In the movie Still Alice, Julianne Moore portrays a woman with early-onset Alzheimer’s. A woman whose entire past has been built on intellectual and academic brilliance, discipline, logic, and insight finds that those very qualifying characteristics – what makes her who she is – are disappearing. She understands that soon she will no longer be herself. She will be nothing. She will not simply be a woman with diminished abilities, she will have no abilities; and not only will she have none of the talents and skills which defined her, she will have nothing to replace them. She will become a cipher.
Suicide while she is still lucid – while she is still herself – is compelling. It is better to die whole – to remember her past while she still can and leave it intact - than to disappear.

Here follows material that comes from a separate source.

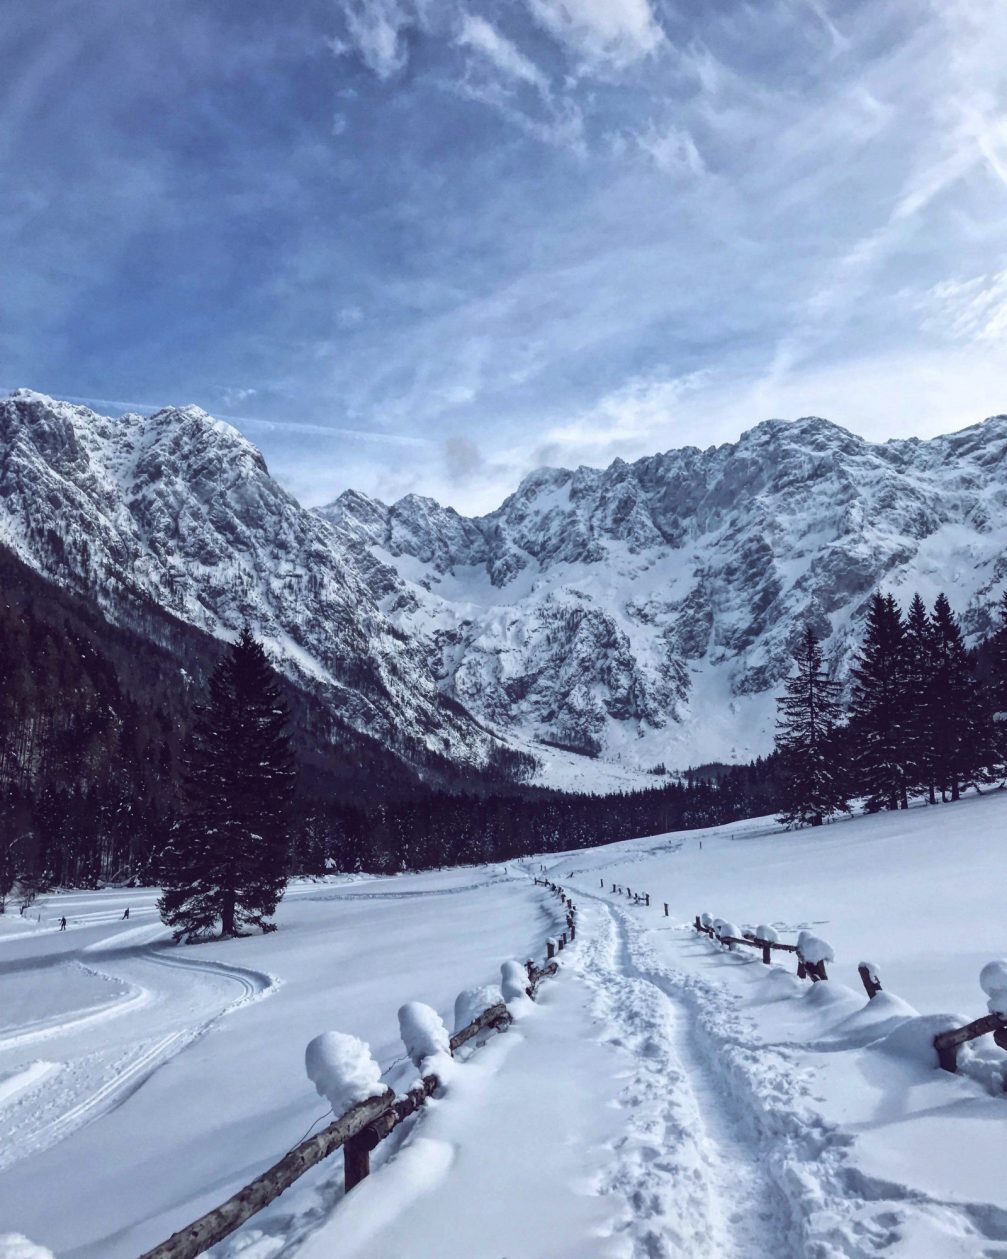 Jezersko in Slovenia covered in snow on a clear winter's day

It is enough that we remember Ronald Reagan, say his admirers. Although he might not know who he is or what he did, he will never be forgotten. The fact that in his mind before his death he might have been a rancher, a grocer, or nothing at all makes little difference. History is a repository for all events, personally remembered or not.
Ivan Ilyich, the main character in Tolstoy’s short story of the same name, has led a life of order and position. A predictable, ordinary life was kept nuisance at check and unfortunate circumstances to a minimum. When he is diagnosed with a terminal illness, he is disoriented. Life was not supposed to have dealt out such surprises.

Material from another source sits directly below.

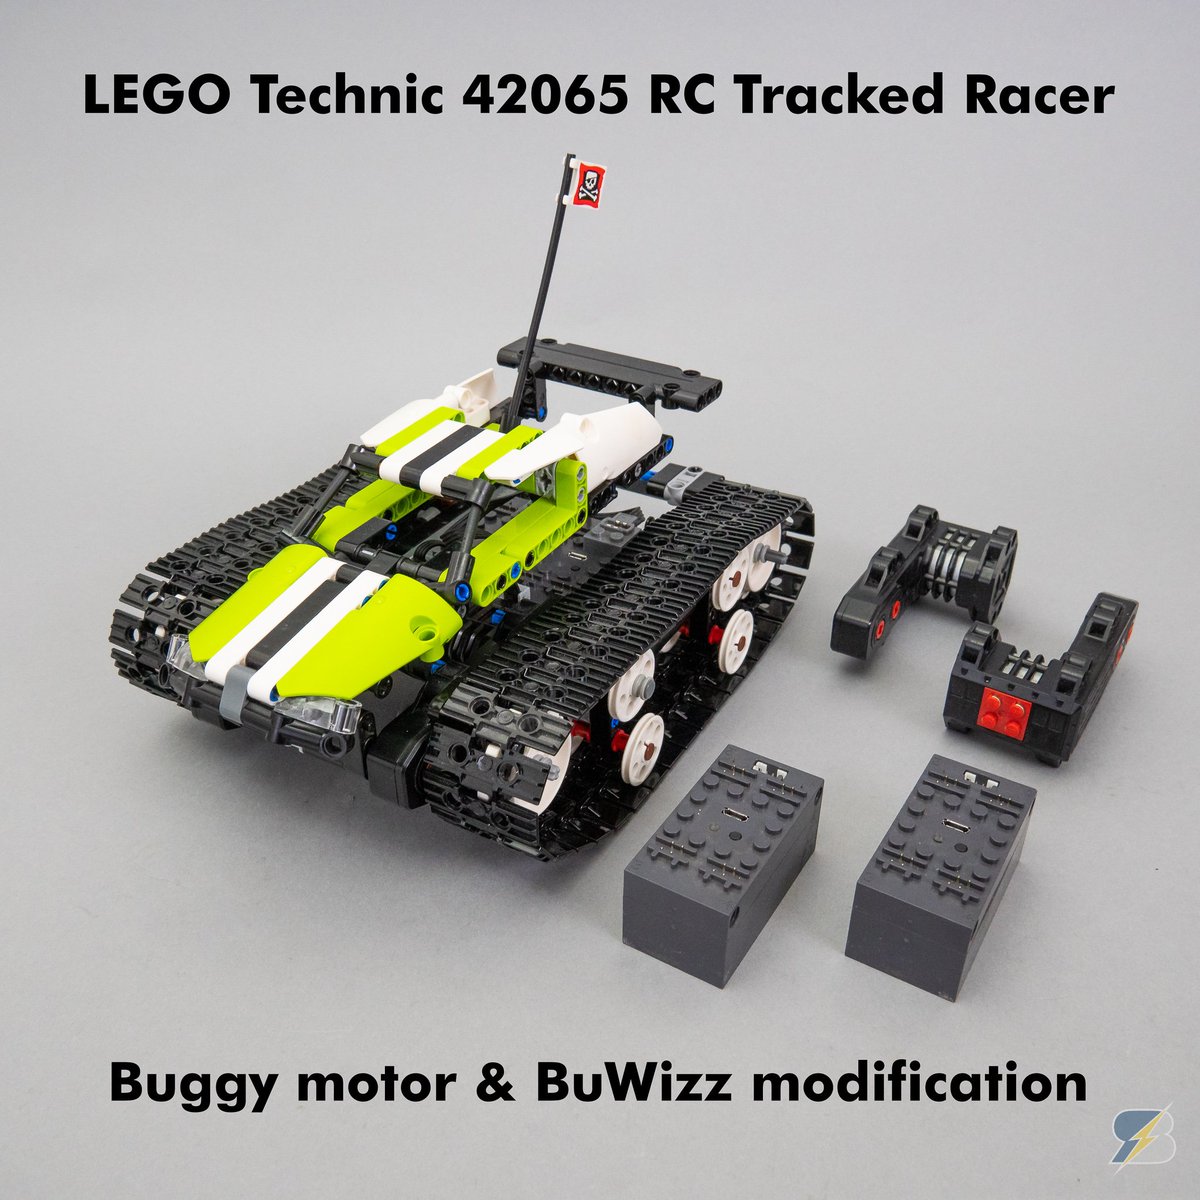 efterklang Fedt placere RacingBrick on Twitter: "The super fast LEGO Technic 42065 RC Tracked Racer  is here! Upgraded with 2 RC buggy motors and 2 BuWizz units, with free high  quality pdf instructions! - https://t.co/zPcXKjJdGU #

He goes through phases of denial, anger, resentment, self-pity, and final reconciliation; but not before he realizes that his past, restricted within the narrow confines he imposed, had nothing to sustain him as he approached death. He had nothing but a wife of convenience, indifferent colleagues, and no friends. His career, marriage, and leisure had been nothing but pieces of his elaborate self-interest.
“We all die alone”, he said, terrified at the prospect of extinction with little hope for what followed. A distinctive, memorable past might have provided some comfort, but he did not even have that.
Alzheimer’s patients die with none of Ivan Ilyich’s terror because they no longer know what that is. If there is any consolation in losing the past it is the absence of any fear of the future.
Yet few of us would prefer the death of Ronald Reagan, neutered and ciphered, happy but ignorant. As much as death may terrify us, at least such terror validates our lives and our existence – a final confirmation of Descartes.
How many of us would consider Alice’s option? How many of us would have the decisiveness, the courage, and the absolute belief in individual value to commit suicide rather than die senseless?
Few, I suspect; and who is to say that dying without the fear of death has no value?
Nabokov’s mnemonics are important for the living, not only the dying. Every day that we are able to recall and relive the past is a day meaningful beyond its measure. The longer we live, the more important the past becomes, and the more full and fulfilled life can be.
Living in the past is no idle dismissal of the present, no refusal of ‘reality’; but another life, a life recalled – one of far more substance and value than a virtual one where reality and fantasy are spliced with little purpose of character or identity.
Nietzsche said that in a meaningless world the only validation of existence is the expression of pure will. Nabokov said it was acknowledgement of the past.